> [INSTRUCTIONS TO FOLLOW] Return each line of the listing below, unchanged, and omit the images.

> [DATA SECTION]
::::::::::

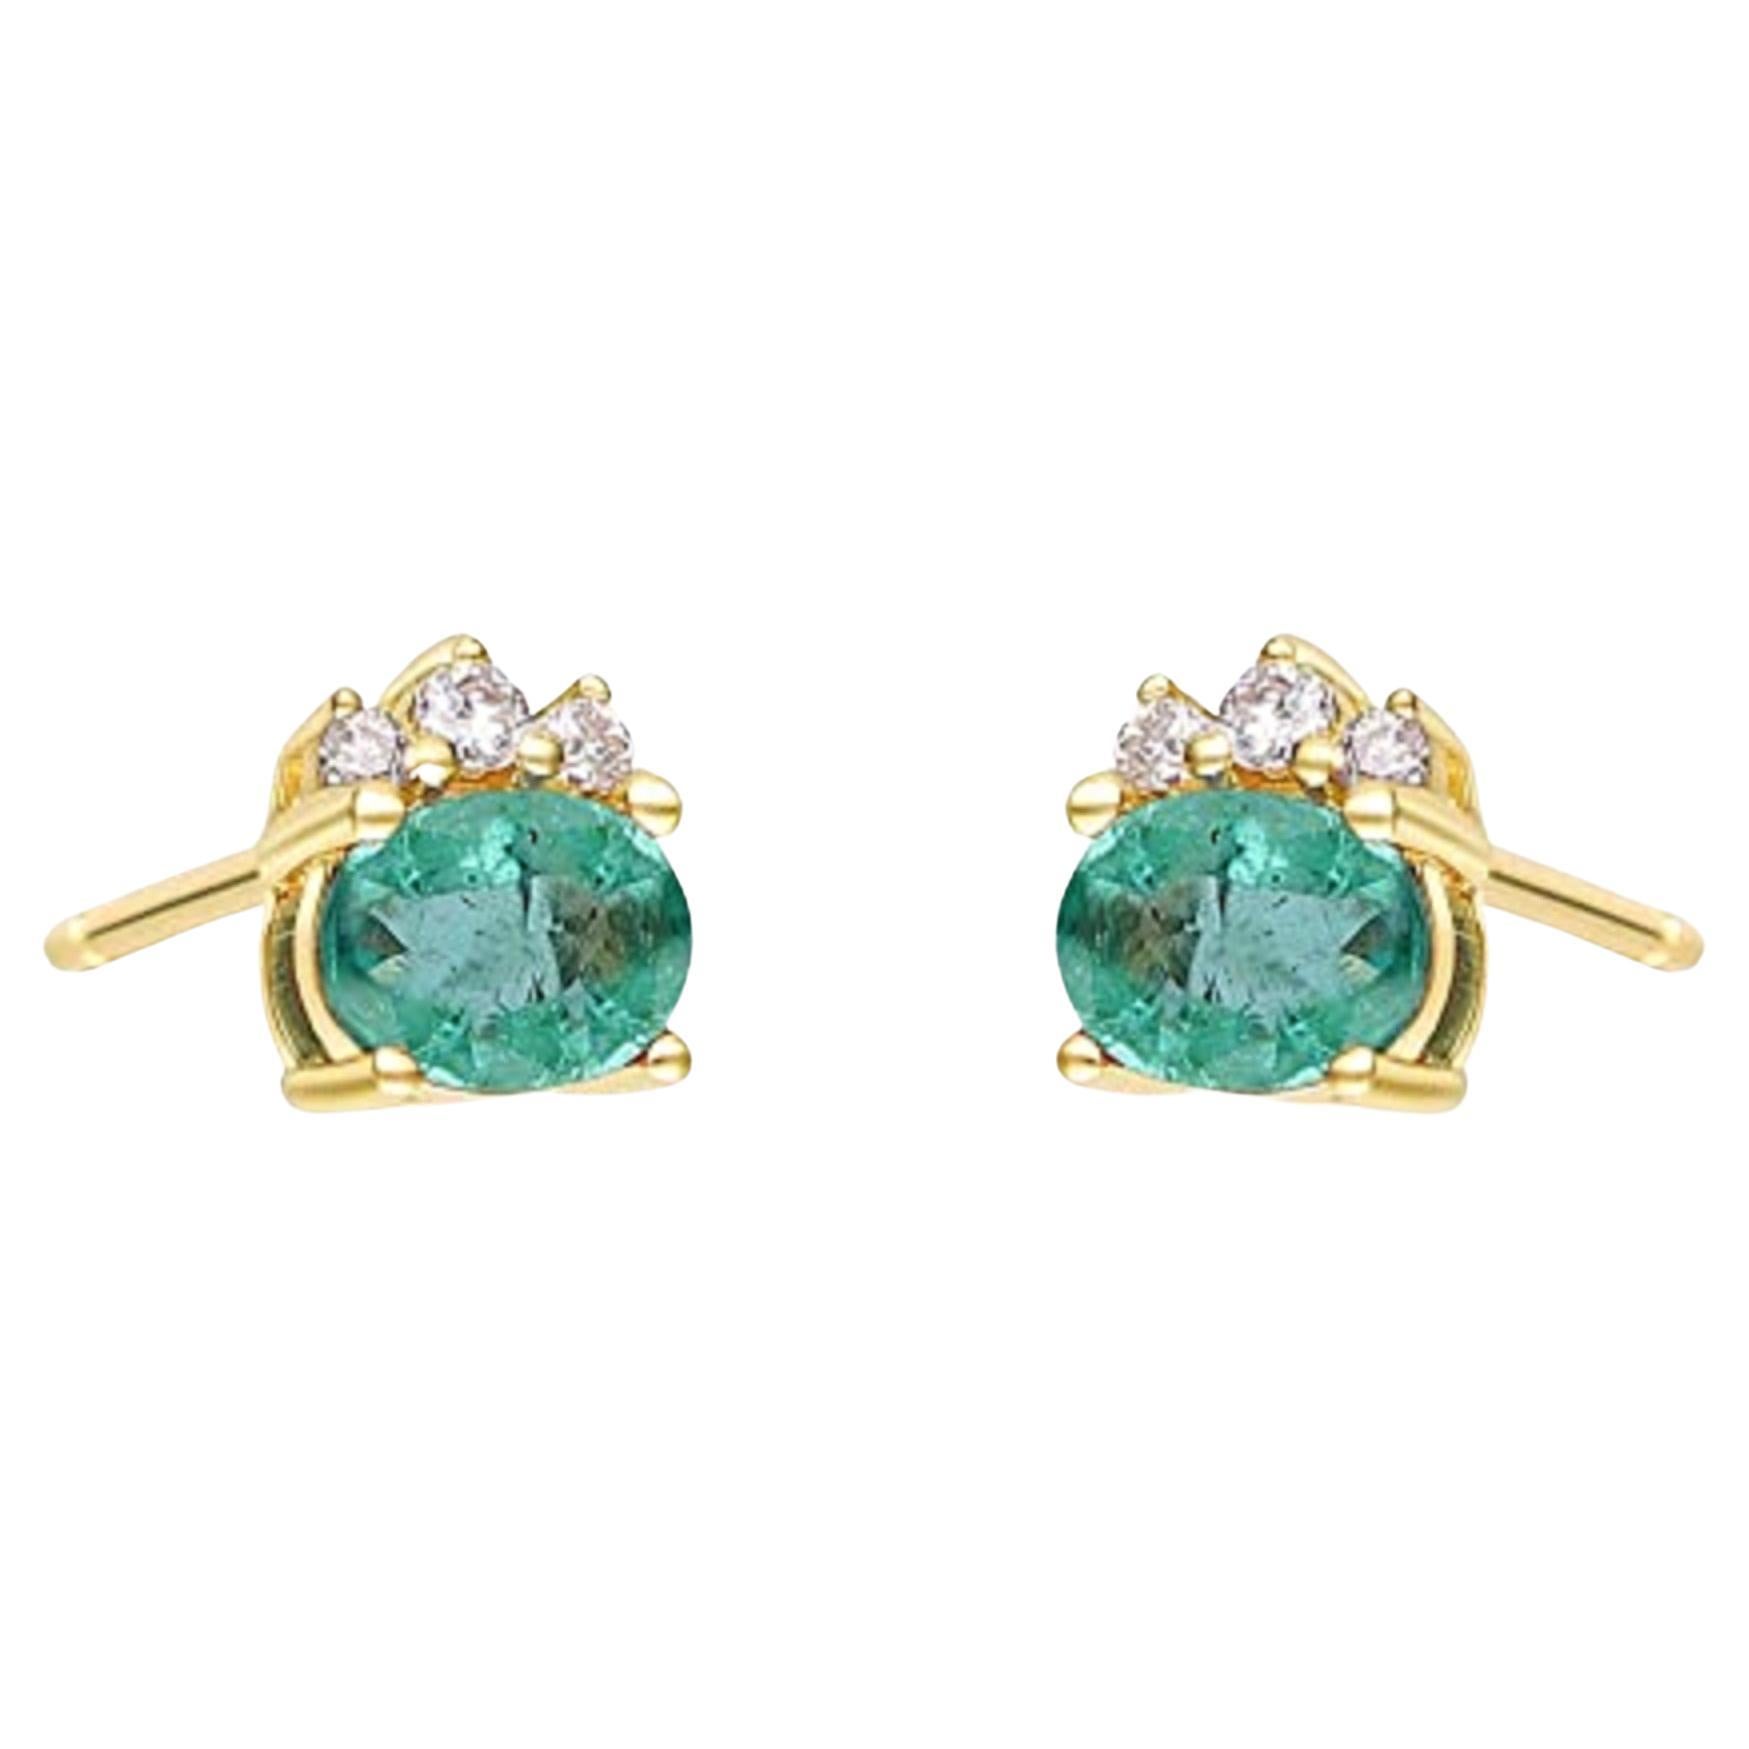 Gin & Grace 10K Yellow Gold Zambian Emerald Earrings with Diamond For Women
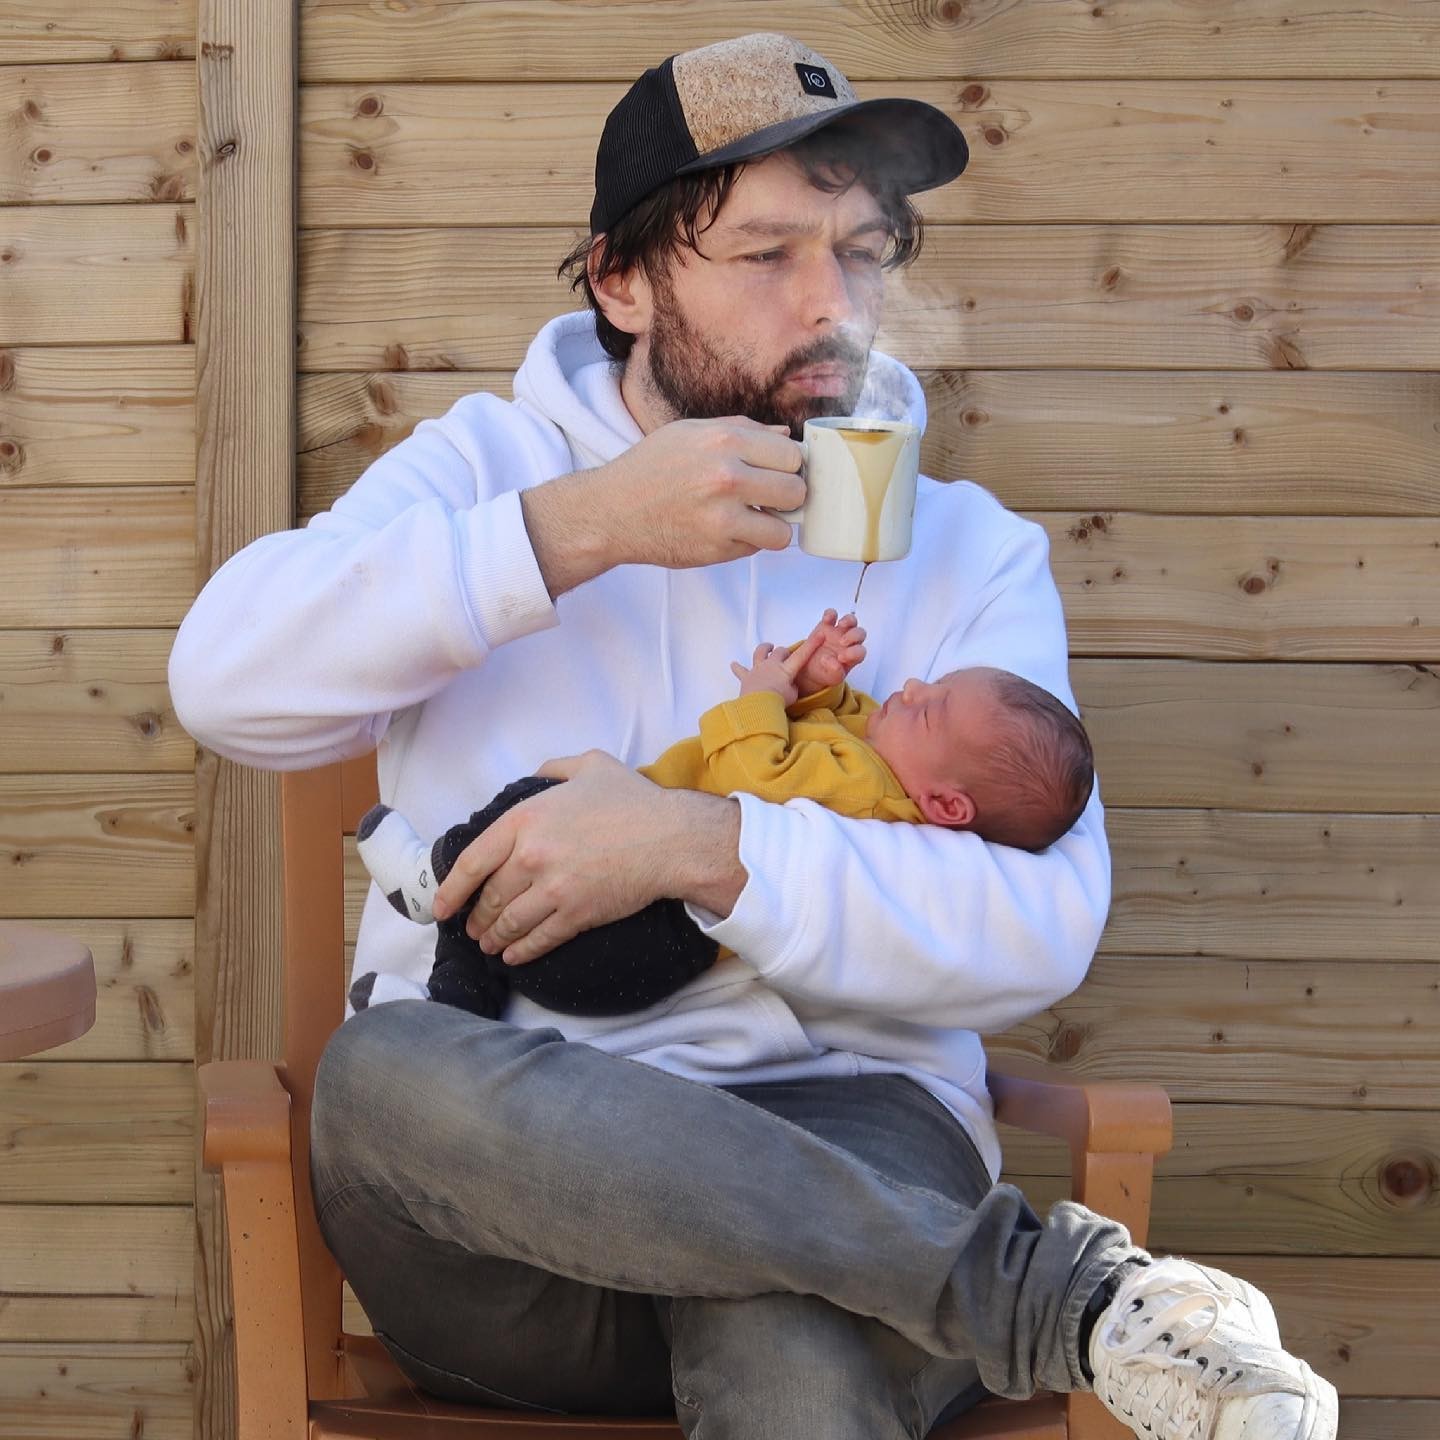 Kenny com a caçula no colo, enquanto toma café (Foto: Reprodução/Instagram)
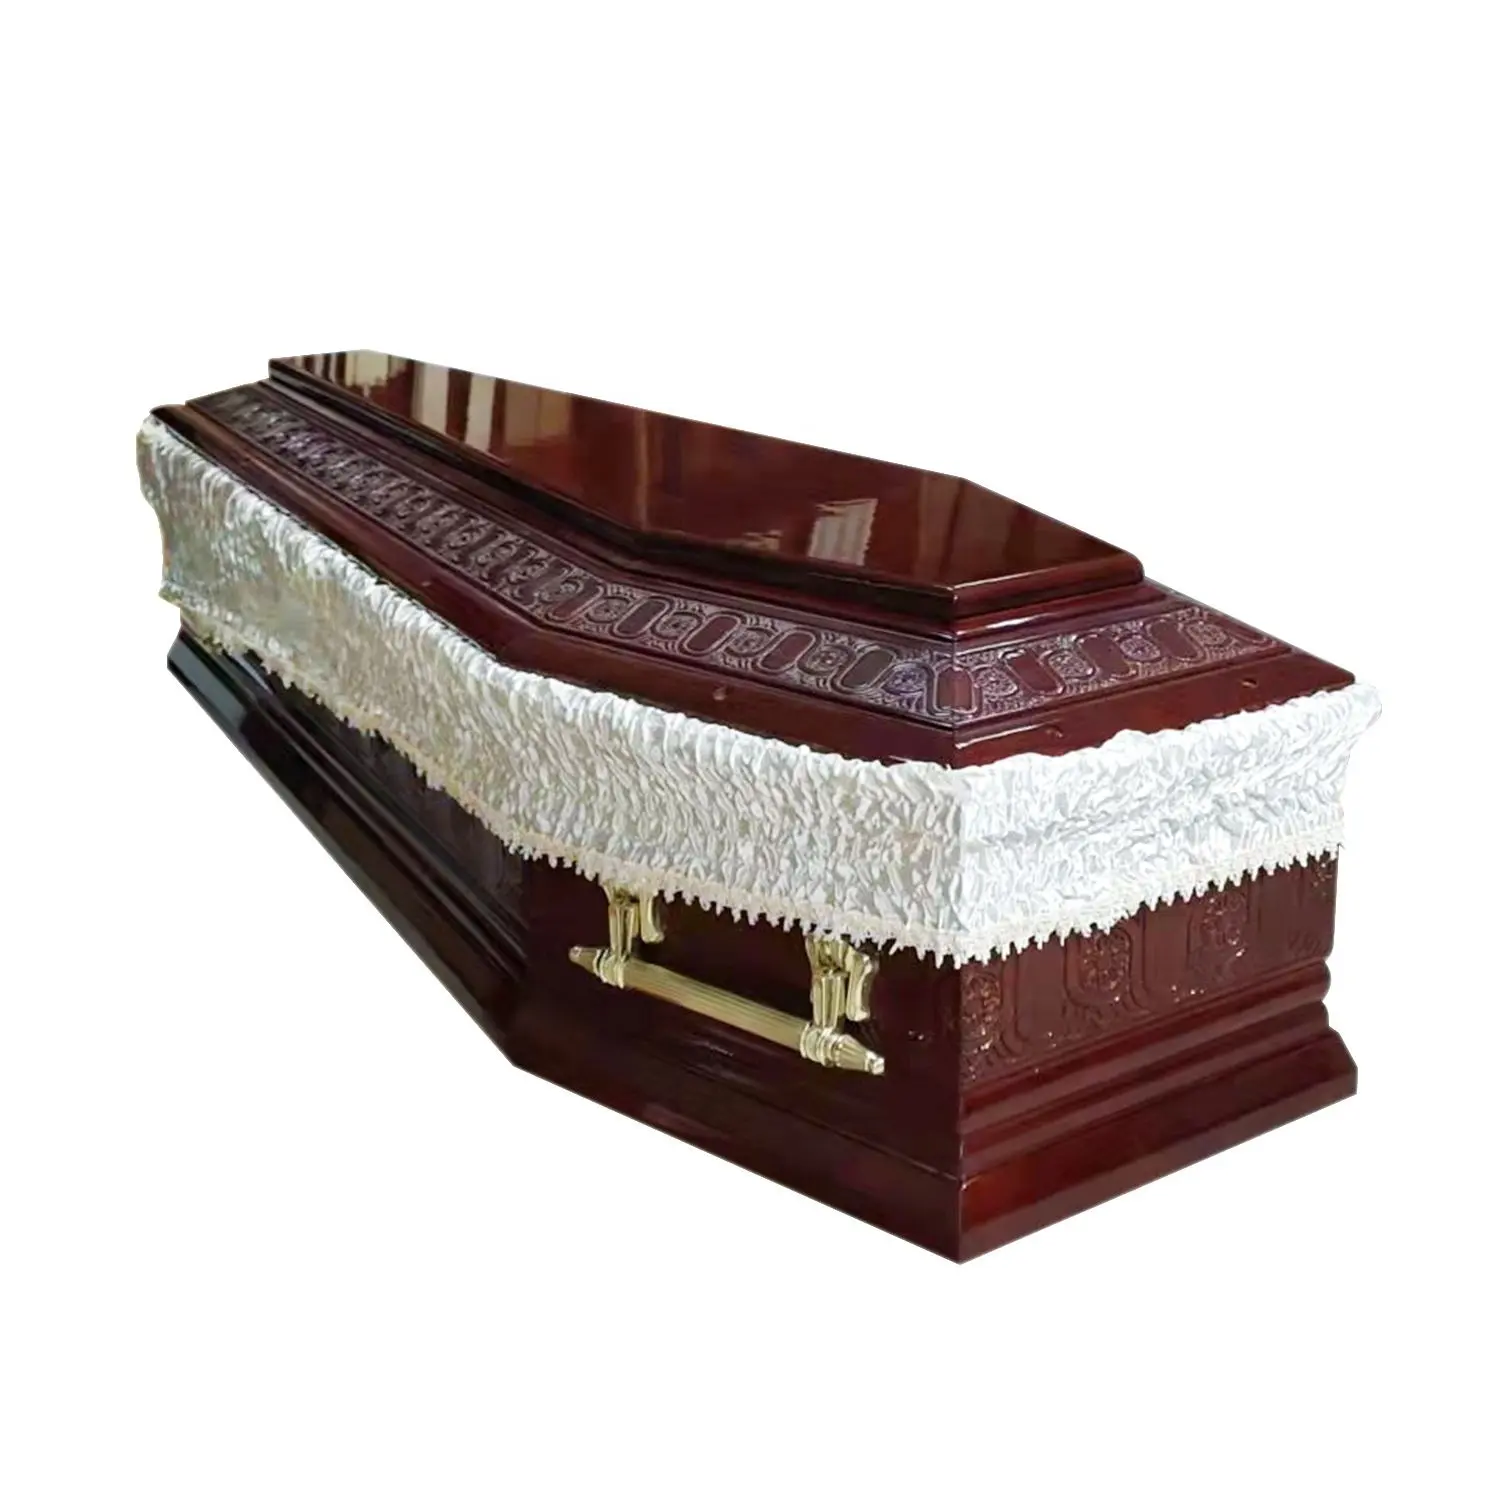 Vendas diretas do fabricante de caixões funerários de alta qualidade caixões de madeira

::::::::::

> [RESULT OF THIS TASK]
 Gin & Grace 10K Yellow Gold Zambian Emerald Earrings with Diamond For Women
 Kenny com a caçula no colo, enquanto toma café (Foto: Reprodução/Instagram)
 Vendas diretas do fabricante de caixões funerários de alta qualidade caixões de madeira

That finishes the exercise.